» **Your goal**
The required output is all lines below that contain the word "Women".

--- Records for processing Enclosed Below ---

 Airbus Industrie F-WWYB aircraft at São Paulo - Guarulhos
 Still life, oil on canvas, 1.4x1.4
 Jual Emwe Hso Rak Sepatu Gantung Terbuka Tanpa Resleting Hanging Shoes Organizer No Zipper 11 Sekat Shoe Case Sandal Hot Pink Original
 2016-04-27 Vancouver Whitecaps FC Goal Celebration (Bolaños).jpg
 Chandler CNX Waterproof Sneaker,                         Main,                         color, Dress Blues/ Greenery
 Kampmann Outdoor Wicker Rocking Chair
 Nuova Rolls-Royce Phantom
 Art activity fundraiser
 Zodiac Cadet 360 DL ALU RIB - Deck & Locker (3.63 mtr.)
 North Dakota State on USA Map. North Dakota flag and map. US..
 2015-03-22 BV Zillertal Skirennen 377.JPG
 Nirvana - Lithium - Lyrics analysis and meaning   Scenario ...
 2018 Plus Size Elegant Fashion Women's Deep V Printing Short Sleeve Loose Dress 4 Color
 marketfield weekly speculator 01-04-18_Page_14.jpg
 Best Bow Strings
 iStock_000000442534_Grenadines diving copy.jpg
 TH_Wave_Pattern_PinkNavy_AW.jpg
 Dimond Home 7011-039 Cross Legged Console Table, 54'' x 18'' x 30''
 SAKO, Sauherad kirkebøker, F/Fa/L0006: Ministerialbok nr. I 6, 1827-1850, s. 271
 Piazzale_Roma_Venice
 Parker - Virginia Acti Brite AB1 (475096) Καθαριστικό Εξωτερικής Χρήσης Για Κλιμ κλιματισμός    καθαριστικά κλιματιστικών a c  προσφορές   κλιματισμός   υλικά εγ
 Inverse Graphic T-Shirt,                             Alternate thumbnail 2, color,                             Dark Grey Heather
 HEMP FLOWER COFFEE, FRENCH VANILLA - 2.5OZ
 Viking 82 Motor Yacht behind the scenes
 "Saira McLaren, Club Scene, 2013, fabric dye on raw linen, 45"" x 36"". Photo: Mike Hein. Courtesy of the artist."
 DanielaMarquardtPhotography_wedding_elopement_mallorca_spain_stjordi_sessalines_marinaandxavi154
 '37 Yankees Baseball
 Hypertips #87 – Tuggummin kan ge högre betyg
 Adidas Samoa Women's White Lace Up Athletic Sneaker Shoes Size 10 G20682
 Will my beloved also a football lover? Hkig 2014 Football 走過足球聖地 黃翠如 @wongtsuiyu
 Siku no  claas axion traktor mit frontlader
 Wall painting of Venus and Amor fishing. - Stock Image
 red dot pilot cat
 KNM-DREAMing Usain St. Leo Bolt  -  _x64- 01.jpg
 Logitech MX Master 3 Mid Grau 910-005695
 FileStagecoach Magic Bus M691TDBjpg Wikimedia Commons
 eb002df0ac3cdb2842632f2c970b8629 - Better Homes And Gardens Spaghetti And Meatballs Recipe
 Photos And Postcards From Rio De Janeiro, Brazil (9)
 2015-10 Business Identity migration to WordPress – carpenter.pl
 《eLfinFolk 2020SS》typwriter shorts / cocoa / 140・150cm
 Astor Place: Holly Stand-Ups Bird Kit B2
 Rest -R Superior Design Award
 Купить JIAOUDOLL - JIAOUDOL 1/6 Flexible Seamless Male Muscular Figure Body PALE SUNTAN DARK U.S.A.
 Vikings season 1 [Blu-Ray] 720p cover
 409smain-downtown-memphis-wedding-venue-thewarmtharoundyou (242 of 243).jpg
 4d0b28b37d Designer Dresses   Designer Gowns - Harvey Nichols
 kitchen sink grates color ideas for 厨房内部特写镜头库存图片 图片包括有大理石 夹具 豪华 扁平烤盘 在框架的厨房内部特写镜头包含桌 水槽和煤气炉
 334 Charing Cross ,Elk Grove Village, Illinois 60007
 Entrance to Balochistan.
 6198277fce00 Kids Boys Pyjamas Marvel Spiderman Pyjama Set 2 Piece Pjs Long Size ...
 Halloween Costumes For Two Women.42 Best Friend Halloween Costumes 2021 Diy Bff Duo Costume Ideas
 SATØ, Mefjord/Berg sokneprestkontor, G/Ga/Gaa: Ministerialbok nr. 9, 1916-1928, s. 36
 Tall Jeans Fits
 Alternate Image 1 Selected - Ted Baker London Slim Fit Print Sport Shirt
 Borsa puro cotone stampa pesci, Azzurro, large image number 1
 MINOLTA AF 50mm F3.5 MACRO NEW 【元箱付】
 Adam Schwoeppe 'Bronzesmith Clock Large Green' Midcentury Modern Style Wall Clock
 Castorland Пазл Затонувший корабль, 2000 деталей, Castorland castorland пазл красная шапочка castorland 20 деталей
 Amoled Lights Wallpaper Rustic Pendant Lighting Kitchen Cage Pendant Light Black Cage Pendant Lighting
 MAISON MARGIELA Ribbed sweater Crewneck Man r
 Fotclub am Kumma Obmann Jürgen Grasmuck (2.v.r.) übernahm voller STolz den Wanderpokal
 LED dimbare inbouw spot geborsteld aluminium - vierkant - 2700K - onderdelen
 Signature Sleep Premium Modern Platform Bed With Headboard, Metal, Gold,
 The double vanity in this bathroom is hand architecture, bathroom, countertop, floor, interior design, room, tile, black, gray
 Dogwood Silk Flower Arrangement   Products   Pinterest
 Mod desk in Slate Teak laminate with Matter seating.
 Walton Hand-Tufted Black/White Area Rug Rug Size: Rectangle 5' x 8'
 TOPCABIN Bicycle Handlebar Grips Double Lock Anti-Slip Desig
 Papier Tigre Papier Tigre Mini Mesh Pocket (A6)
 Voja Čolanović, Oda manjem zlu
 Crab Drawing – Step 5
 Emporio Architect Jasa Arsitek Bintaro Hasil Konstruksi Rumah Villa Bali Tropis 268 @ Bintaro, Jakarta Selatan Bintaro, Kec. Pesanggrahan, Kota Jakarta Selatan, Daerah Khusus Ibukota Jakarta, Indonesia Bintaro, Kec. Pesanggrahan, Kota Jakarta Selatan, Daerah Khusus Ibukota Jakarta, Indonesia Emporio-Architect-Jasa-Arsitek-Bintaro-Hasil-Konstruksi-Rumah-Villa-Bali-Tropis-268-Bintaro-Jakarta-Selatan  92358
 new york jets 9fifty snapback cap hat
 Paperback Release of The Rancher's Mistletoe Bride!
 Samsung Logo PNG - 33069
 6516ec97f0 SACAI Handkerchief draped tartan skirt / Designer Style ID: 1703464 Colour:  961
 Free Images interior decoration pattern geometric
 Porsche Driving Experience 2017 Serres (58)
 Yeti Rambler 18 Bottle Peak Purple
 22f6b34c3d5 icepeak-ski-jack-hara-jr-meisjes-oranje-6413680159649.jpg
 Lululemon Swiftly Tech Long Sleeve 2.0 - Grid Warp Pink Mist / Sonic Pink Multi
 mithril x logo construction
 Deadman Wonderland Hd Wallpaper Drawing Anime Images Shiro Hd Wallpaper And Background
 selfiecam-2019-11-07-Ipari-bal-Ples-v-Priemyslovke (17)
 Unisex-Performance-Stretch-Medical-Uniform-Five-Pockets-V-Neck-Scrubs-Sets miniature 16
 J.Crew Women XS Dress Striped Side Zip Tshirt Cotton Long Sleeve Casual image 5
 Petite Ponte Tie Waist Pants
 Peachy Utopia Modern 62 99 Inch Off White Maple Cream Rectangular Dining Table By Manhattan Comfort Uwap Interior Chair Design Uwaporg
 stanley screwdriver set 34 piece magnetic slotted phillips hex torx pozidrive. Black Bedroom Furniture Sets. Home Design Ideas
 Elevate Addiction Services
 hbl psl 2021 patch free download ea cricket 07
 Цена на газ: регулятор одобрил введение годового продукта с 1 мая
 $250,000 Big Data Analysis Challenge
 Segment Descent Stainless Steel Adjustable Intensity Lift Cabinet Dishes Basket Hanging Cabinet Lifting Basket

--- End of Enclosed Records for processing ---

» **Reply to the task**
 2018 Plus Size Elegant Fashion Women's Deep V Printing Short Sleeve Loose Dress 4 Color
 Adidas Samoa Women's White Lace Up Athletic Sneaker Shoes Size 10 G20682
 Halloween Costumes For Two Women.42 Best Friend Halloween Costumes 2021 Diy Bff Duo Costume Ideas
 J.Crew Women XS Dress Striped Side Zip Tshirt Cotton Long Sleeve Casual image 5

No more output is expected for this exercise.